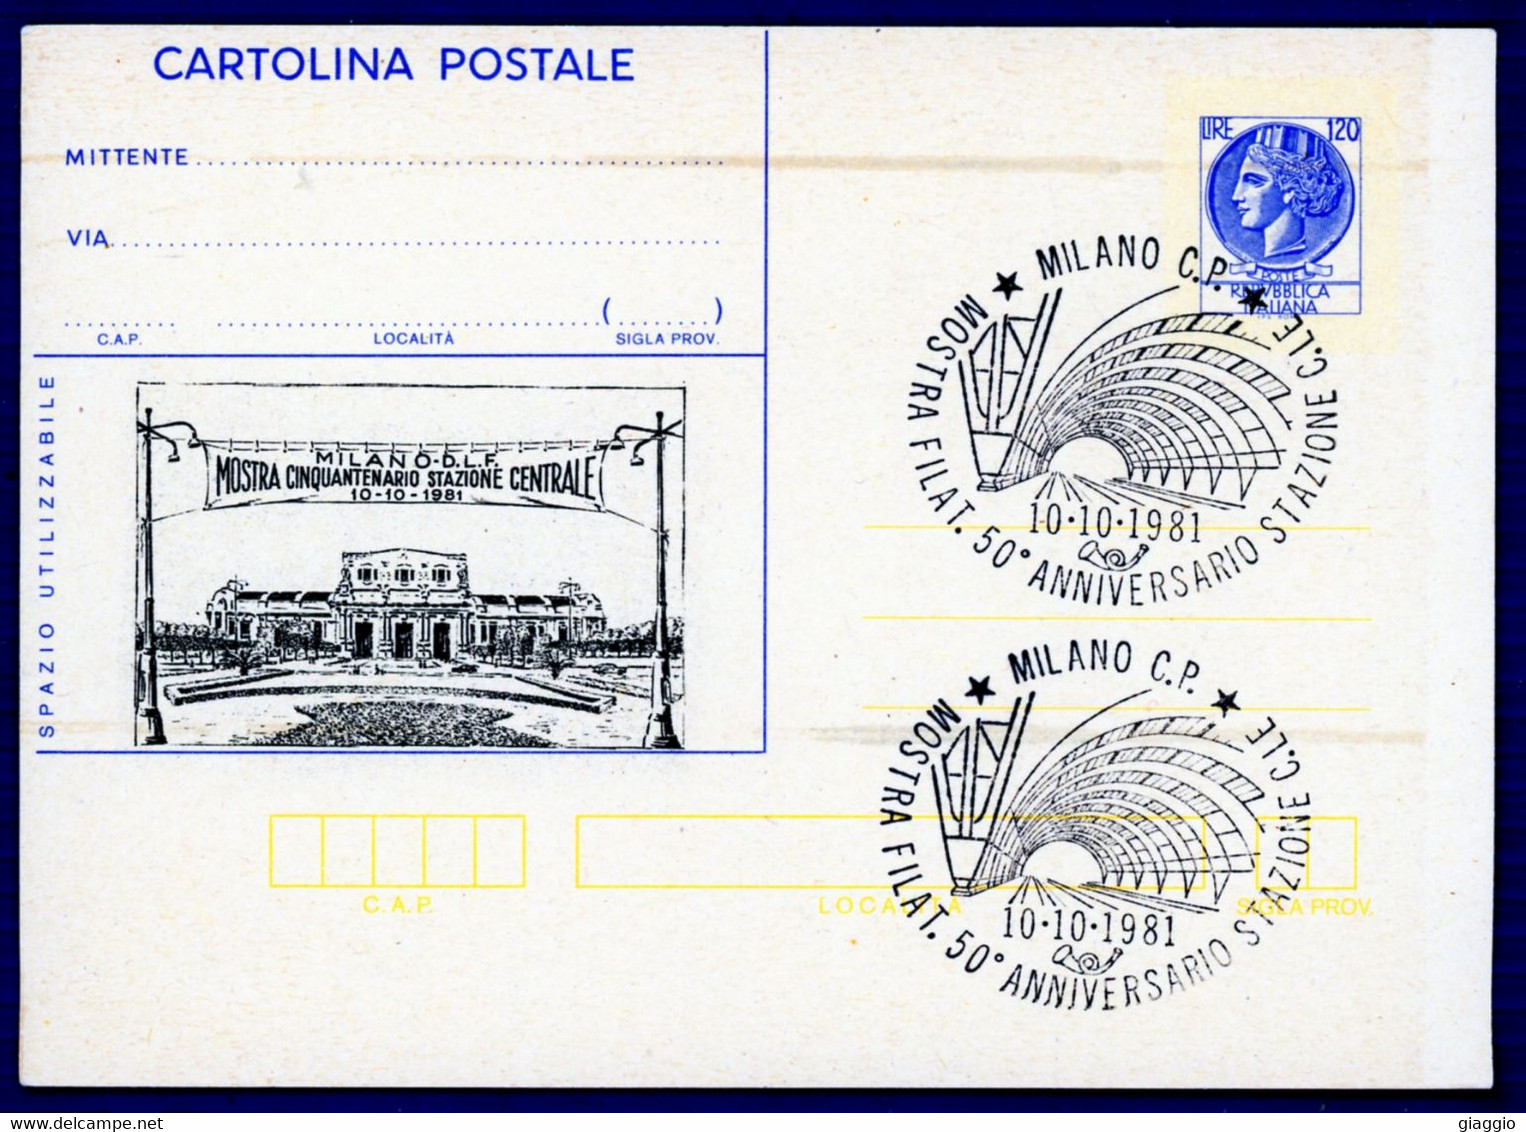 °°° Francobolli N. 4337 - Cartolina Postale Con Annullo Speciale Nuova °°° - Interi Postali
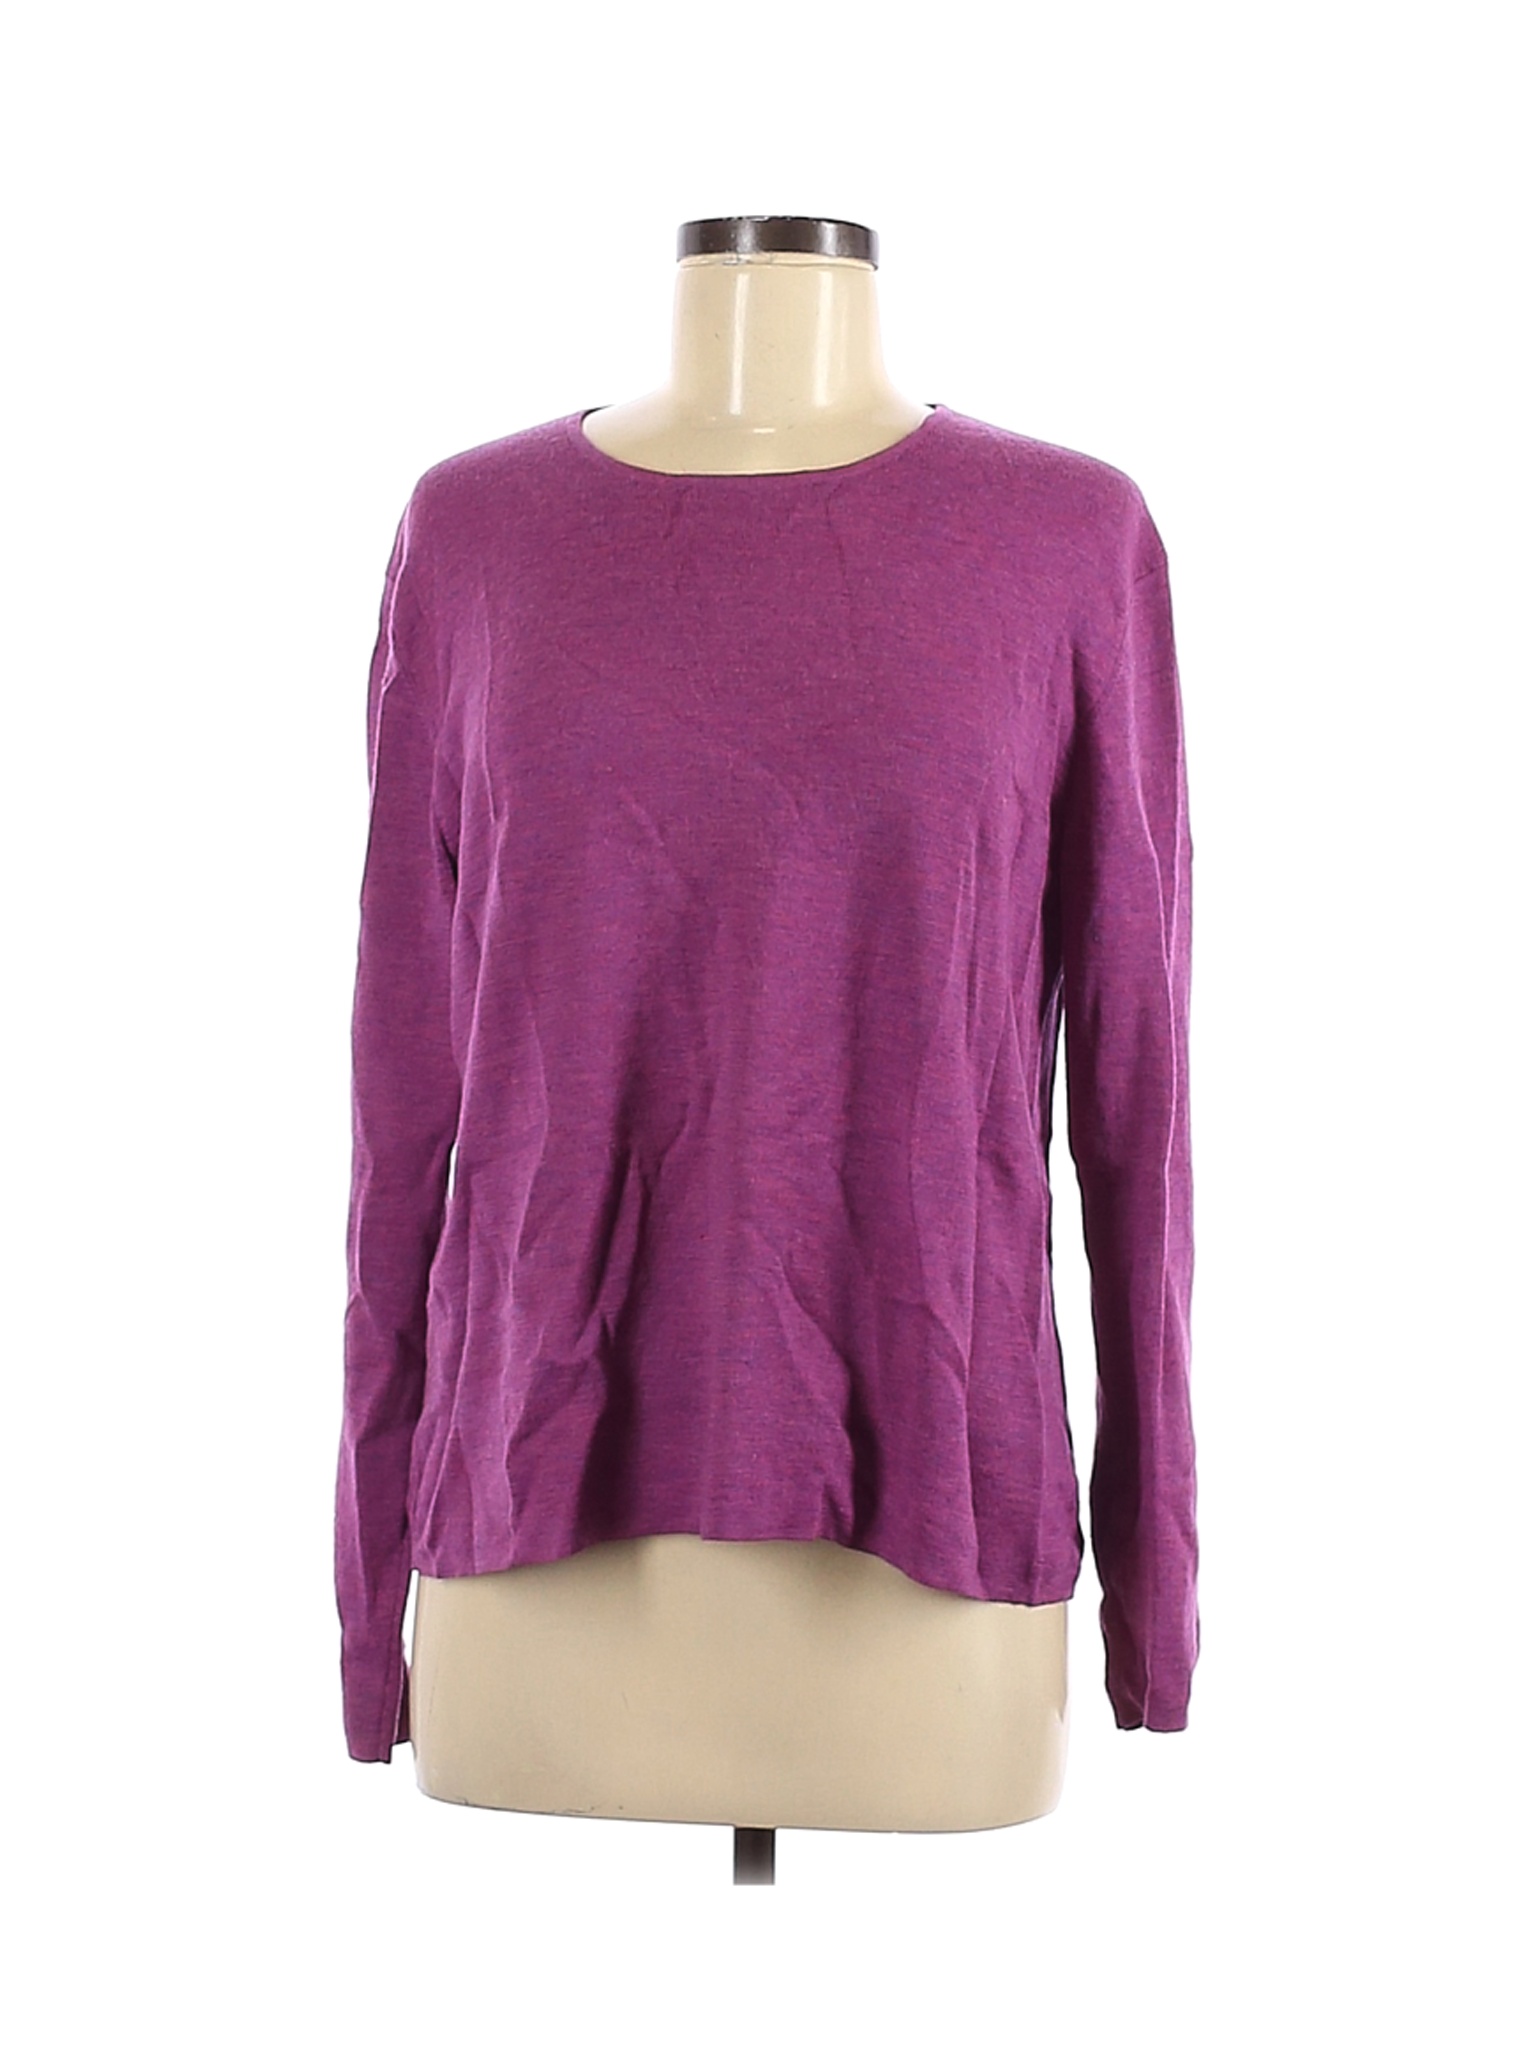 Eileen Fisher Women Purple Wool Pullover Sweater L | eBay
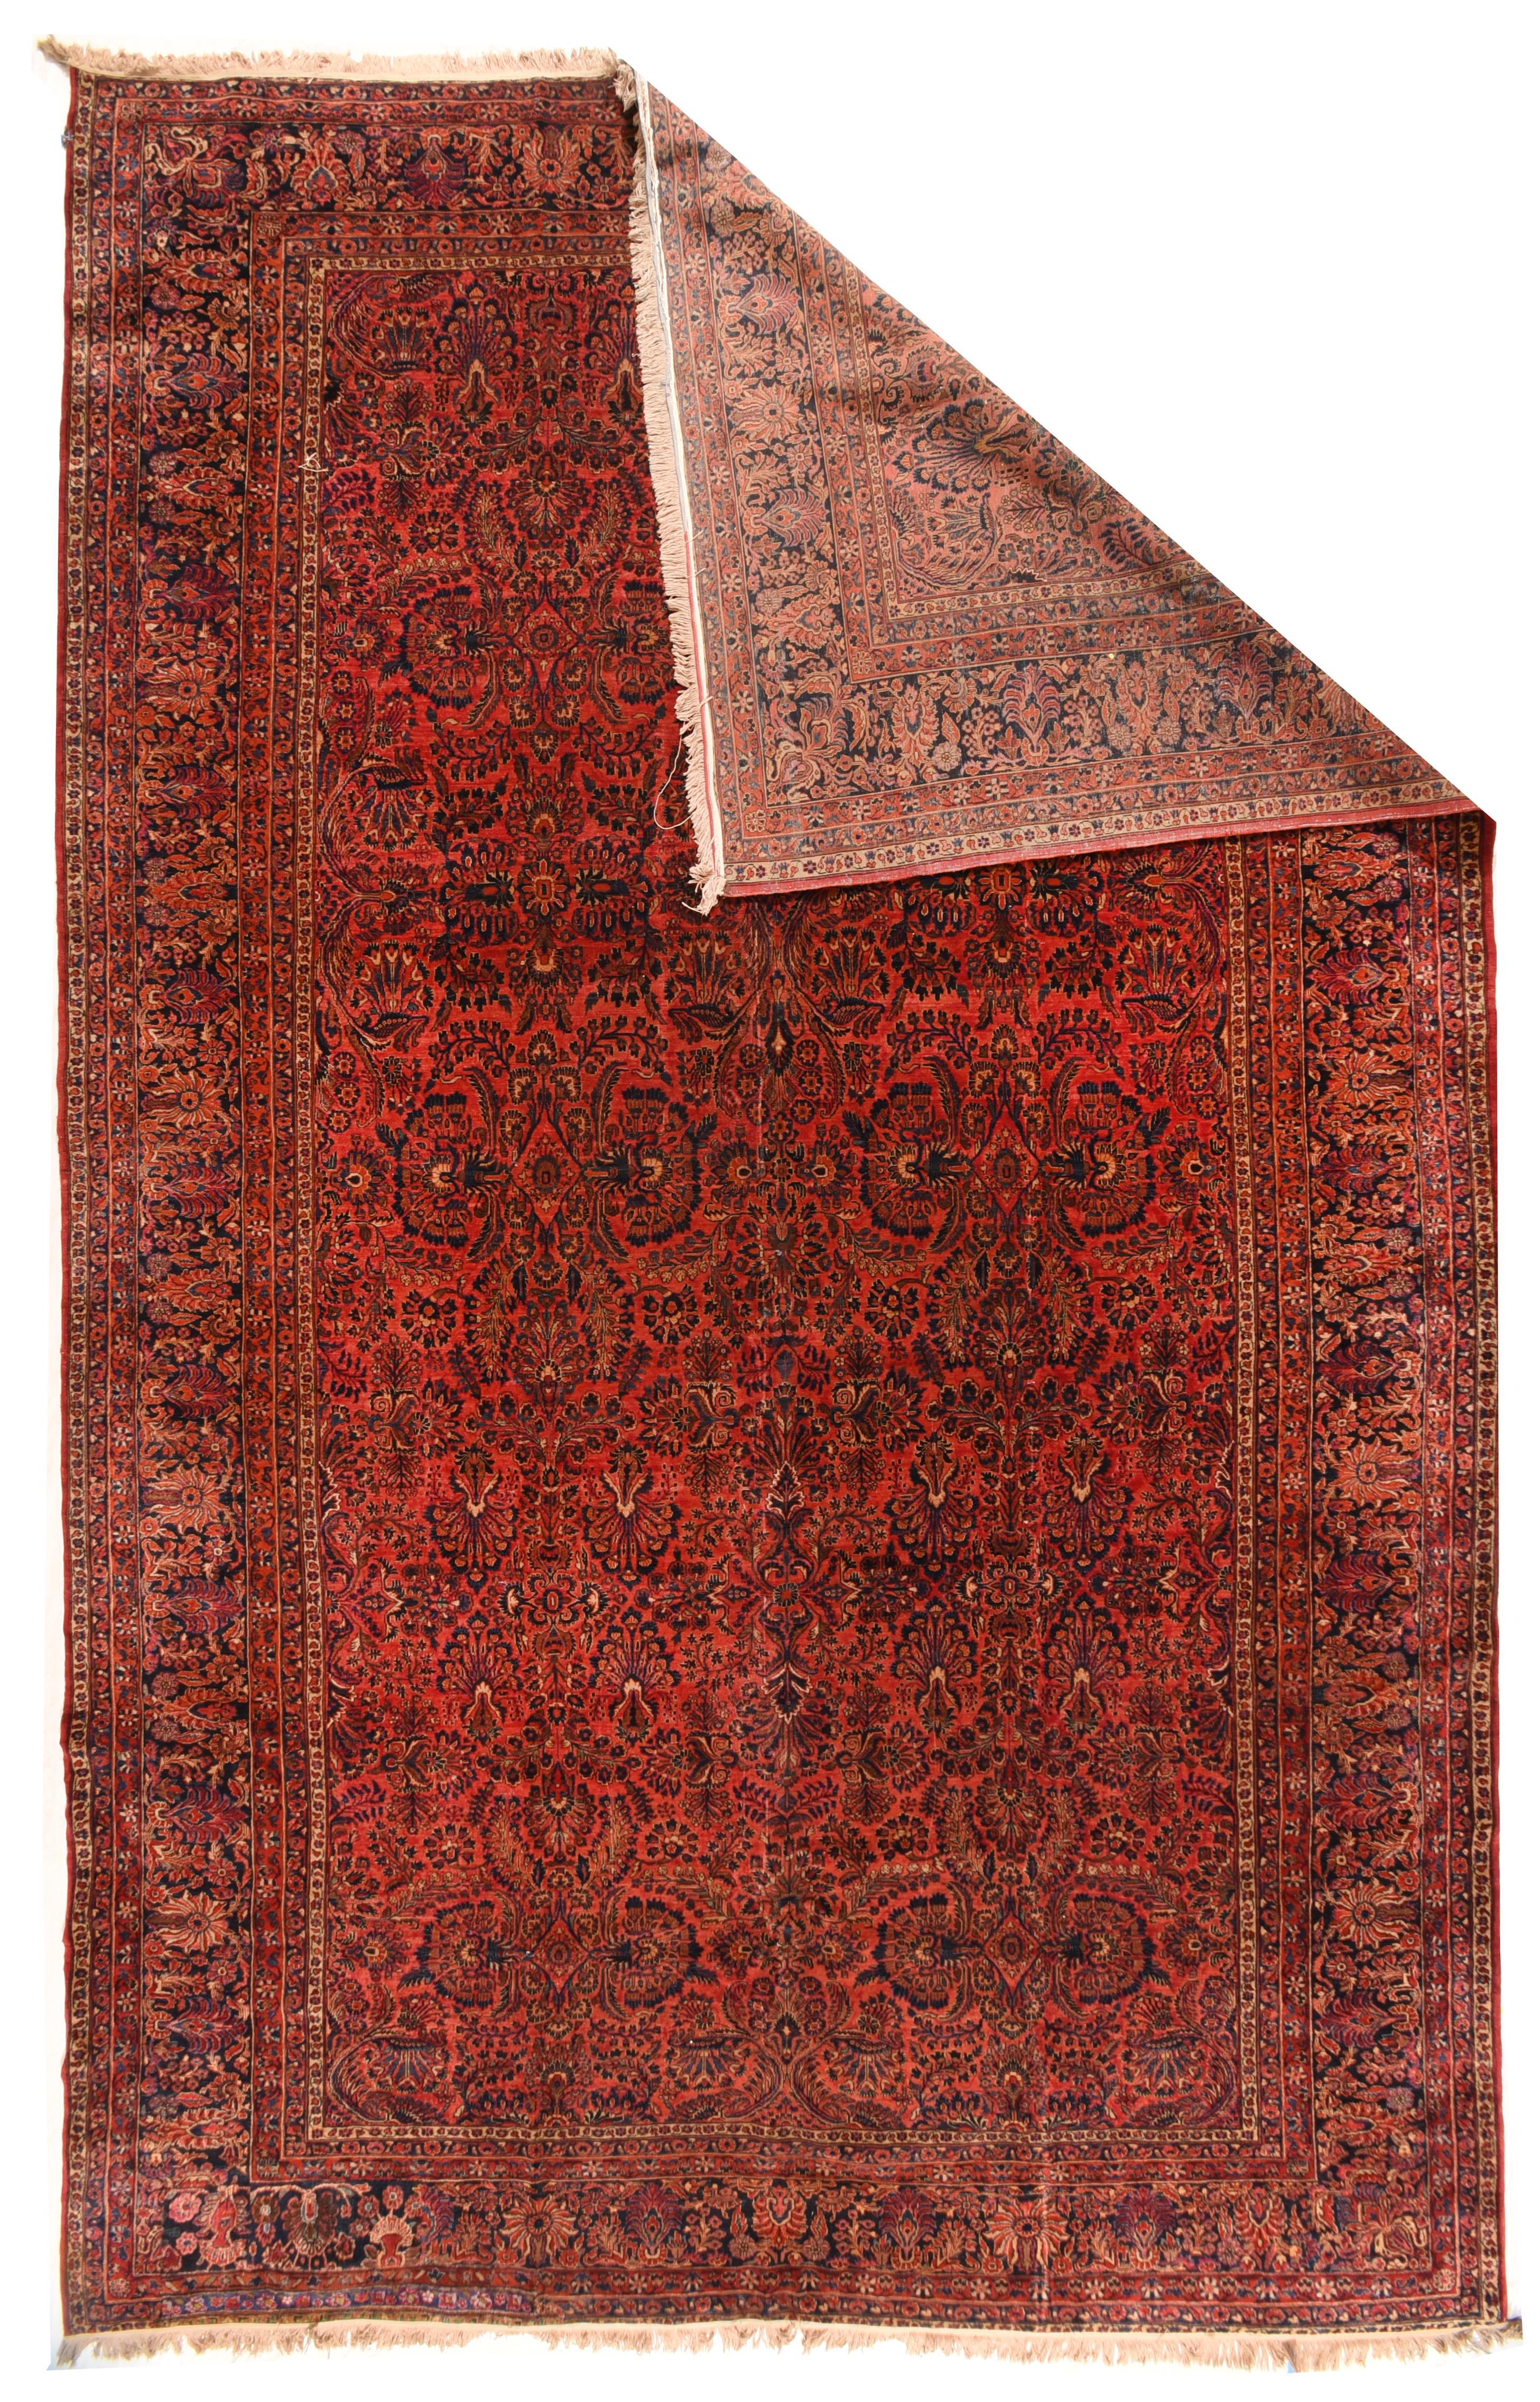 Sarouk rug measures 12'0'' x 18'6''.

+ + + + + + +

## [AIM OF THE TASK]
After removing the pictures, transcribe the listing above exactly.

## [ANSWER AREA]
 °°° Francobolli N. 4337 - Cartolina Postale Con Annullo Speciale Nuova °°° - Interi Postali
 Eileen Fisher Women Purple Wool Pullover Sweater L | eBay
 Sarouk rug measures 12'0'' x 18'6''.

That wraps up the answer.